Editorial - Focus funds on a handful of the education-poor
Rationing is the problem of our times. Or rather, it is the problem of every time, but sometimes we are allowed temporarily to forget it. It is also the problem presented by the international comparisons which show that Britain has some of the largest numbers of adult learners, doing the least amount of learning (page 1).
Last week, discussing what to do in college capital funding, I wondered if it was better to put more wood behind our arrows and concentrate money on fewer, high-impact projects. There must have been some problem with the deliveries of FE Focus to Whitehall, because just days later, business, innovation and skills secretary Vince Cable announced how his extra #163;50 million for new college buildings would be spent on no less than 149 separate colleges, with most just receiving a couple of hundred thousand pounds.
Well, that failure of persuasion can be topped. This week, let’s try to argue that fewer people should participate in adult education.
This is not intended as an echo of the pundits who like to imagine our universities are overrun with third-rate students on an inevitable trajectory to putting the BA into barista. But if, as the OECD figures suggest, so much of our adult learning is too brief to significantly change lives, then less might mean better.
Under the Wonka Bar theory of learning, there are significant drawbacks to this. Contact with the adult education system can in some people unlock a long-hidden enthusiasm for learning. Reducing the number of contacts lowers the chances of that Golden Ticket. But in an environment where increasing investment from either Government, employers or individuals looks like a remote possibility, it might be better to focus on a few sure things rather than hoping we get lucky.
The figures for the hours spent in learning may look worse for the inclusion of a host of short health and safety courses. Chances are these are not firing anyone up to be more skilled, so perhaps they are not genuinely educational. But exclude those and the gap between participation by the university-educated and everyone else only widens.
If getting more wood behind the arrows is the aim, then who better to take inspiration from than rationing expert Robin Hood? And if someone must have their hours of learning taken away, it should be those who are already rich in education and cash.

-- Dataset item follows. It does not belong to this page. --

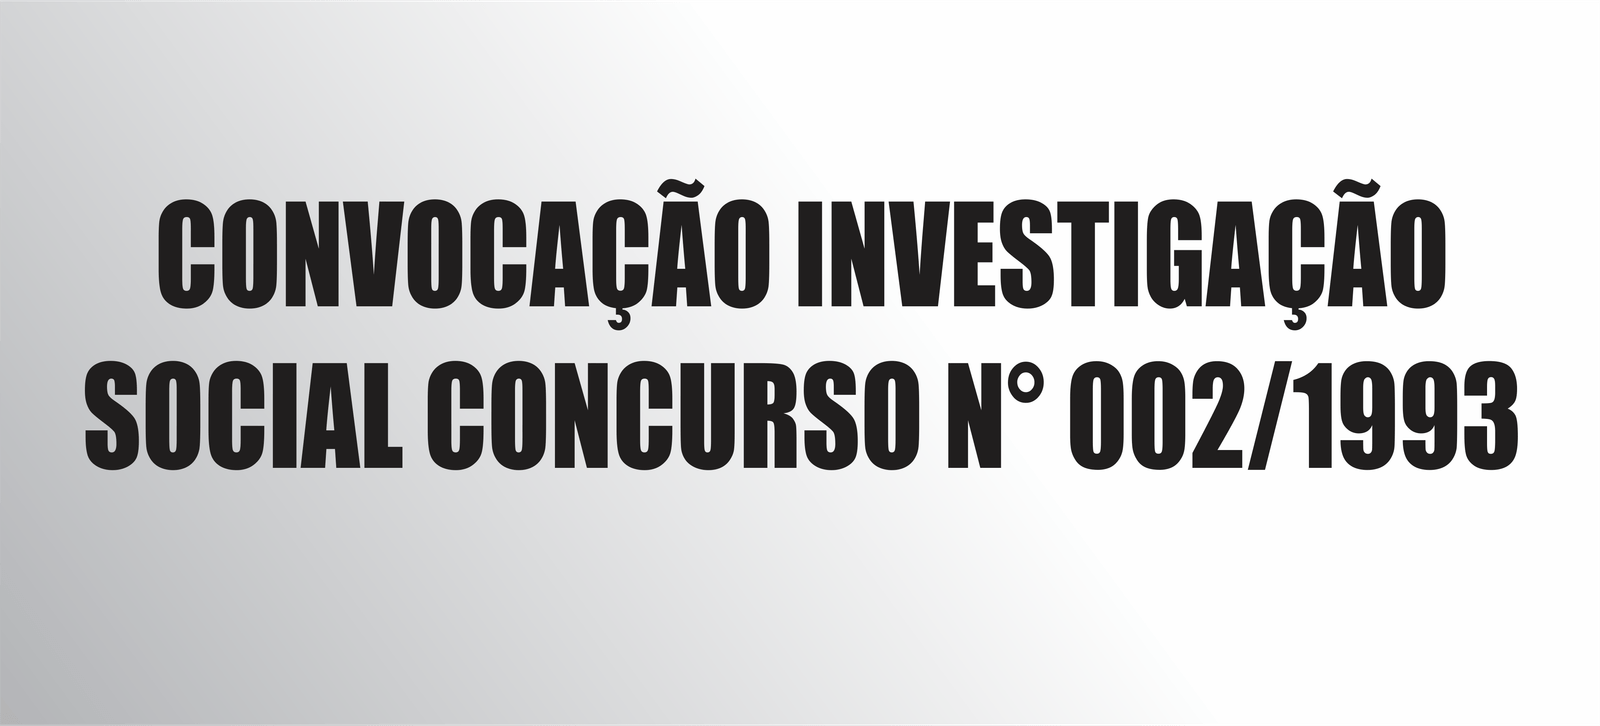 CONVOCAÇÃO INVESTIGAÇÃO SOCIAL CONCURSO N° 002/1993
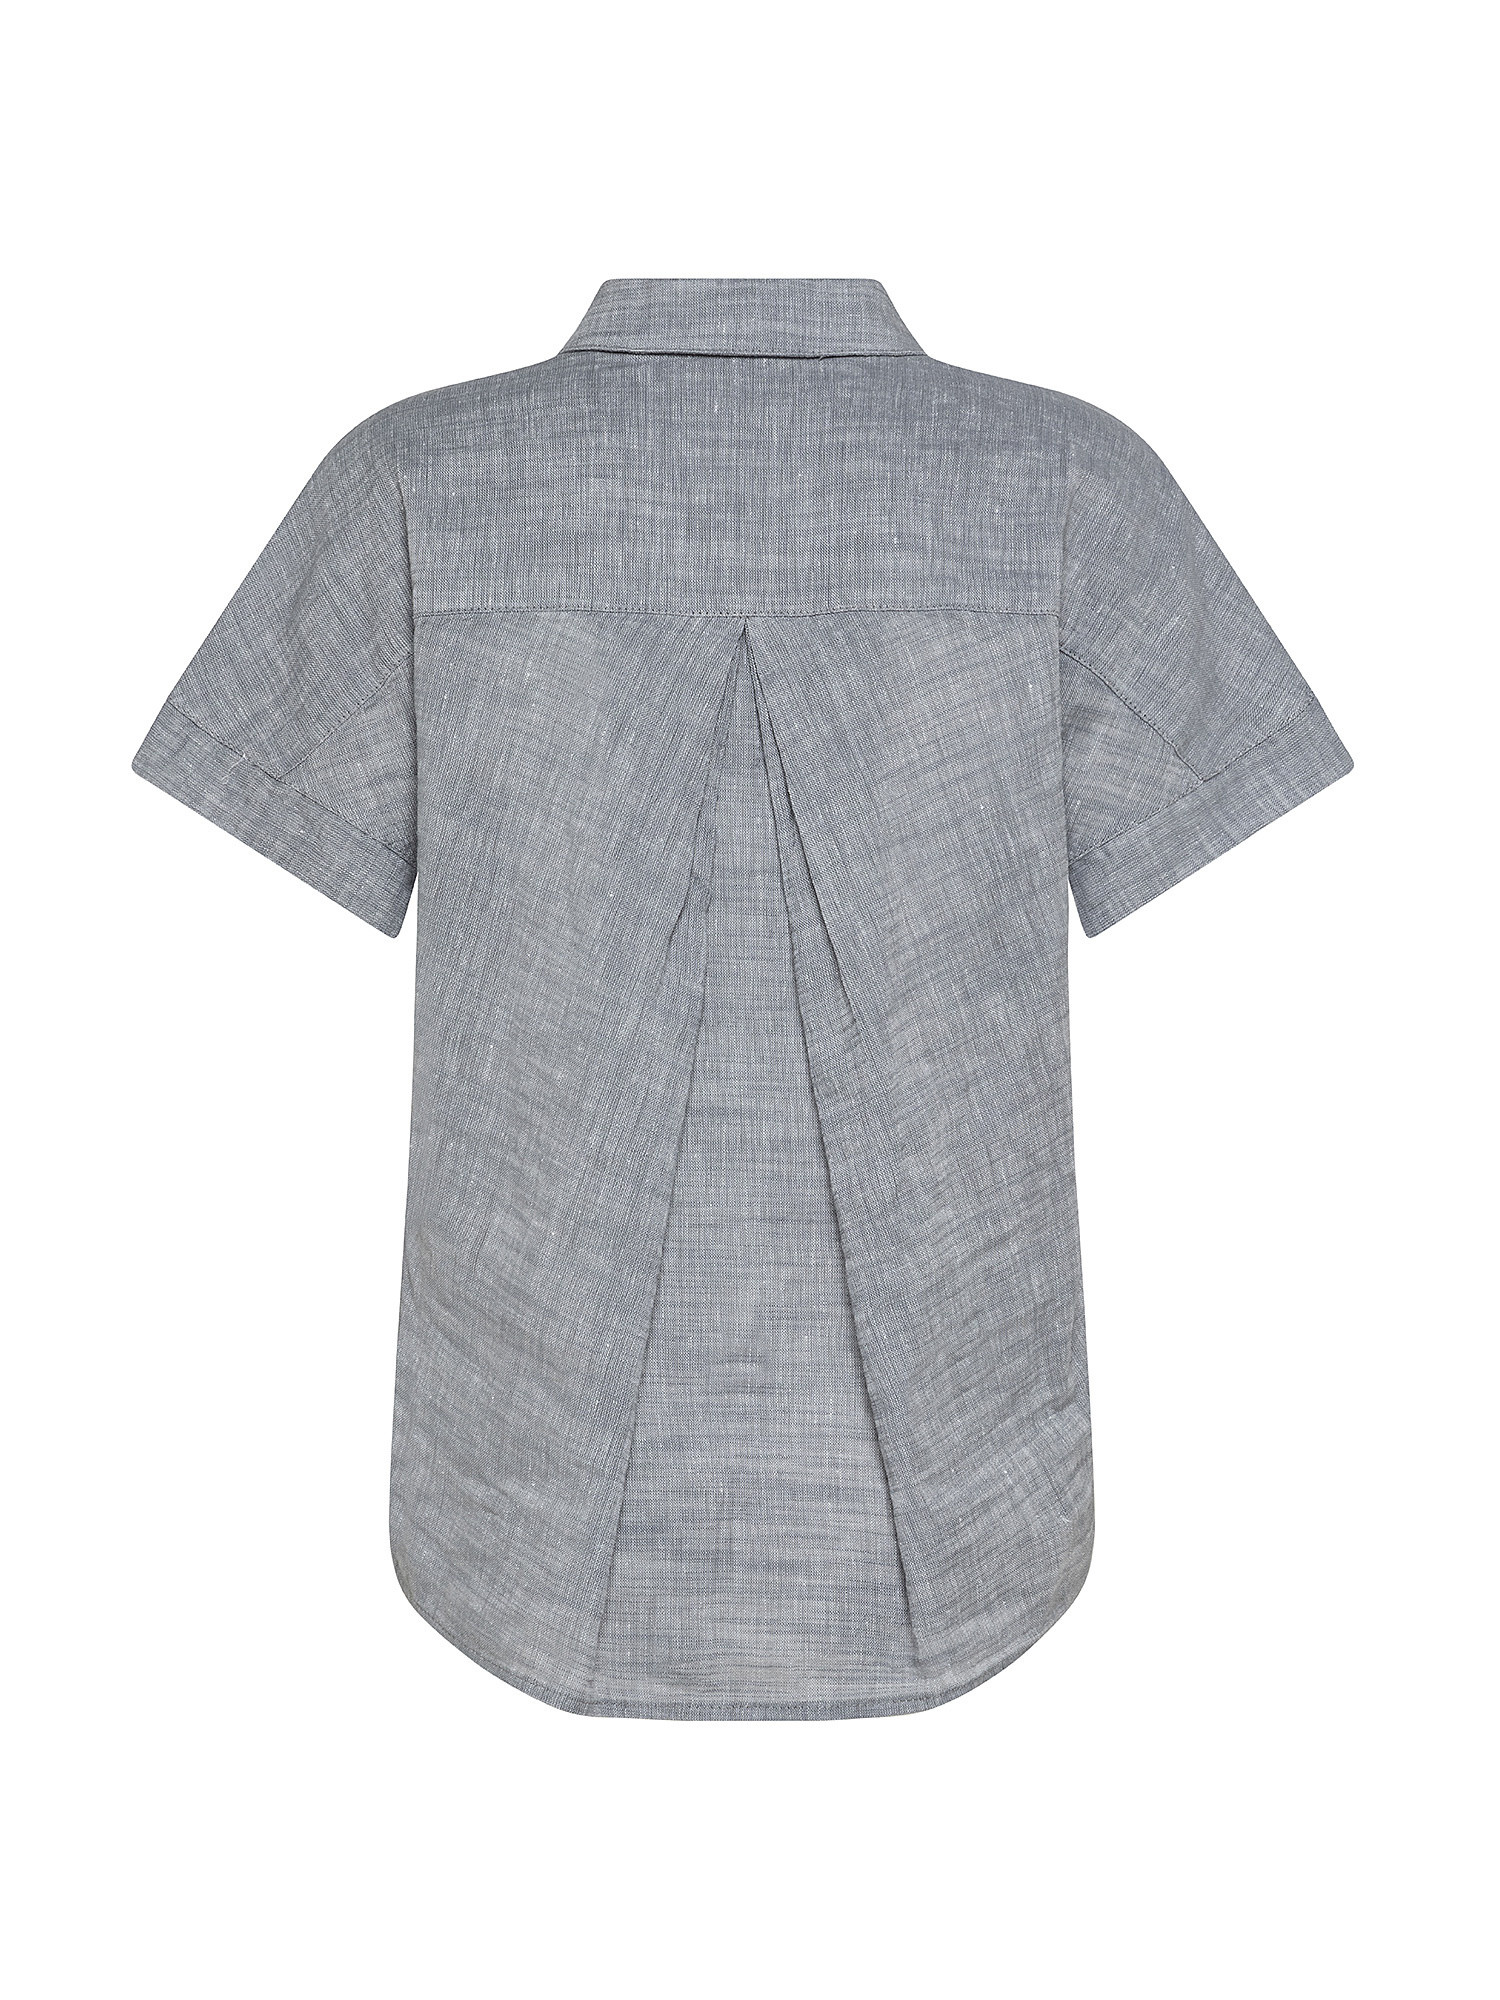 Camicia SL in misto lino, Grigio chiaro, large image number 1

Since former FE minister Bill Rammell’s war on flower arranging and recreational Spanish already laid waste to the middle-class engagement with publicly-funded adult education, this may mean encouraging employers to spend more wisely.
How much value are they getting from sending white-collar staff on interminable management seminars, and how much more could they get from giving staff with little educational attainment life-changing opportunities? Our adult education institutions need to make that case.
What is hard to assess is how far the balance of quality and quantity needs to shift. How much education does a person need for it to make a difference? Professor Alison Wolf, who was yesterday commissioned by the Government to review 14 to 19 vocational education (TES, page 4), has previously criticised Skills for Life courses for being too brief at just 30 hours.
On the other hand, no adult education programme will match the 200 hours a term that schoolchildren receive, and some of them still pass through it unencumbered by improvements in knowledge or skills.
But a little more focus on finding an optimal amount of learning to make a difference to someone’s performance at work or their confidence with words or numbers, and a little less on the big numbers passing through the system, may be a more rational way of doing things.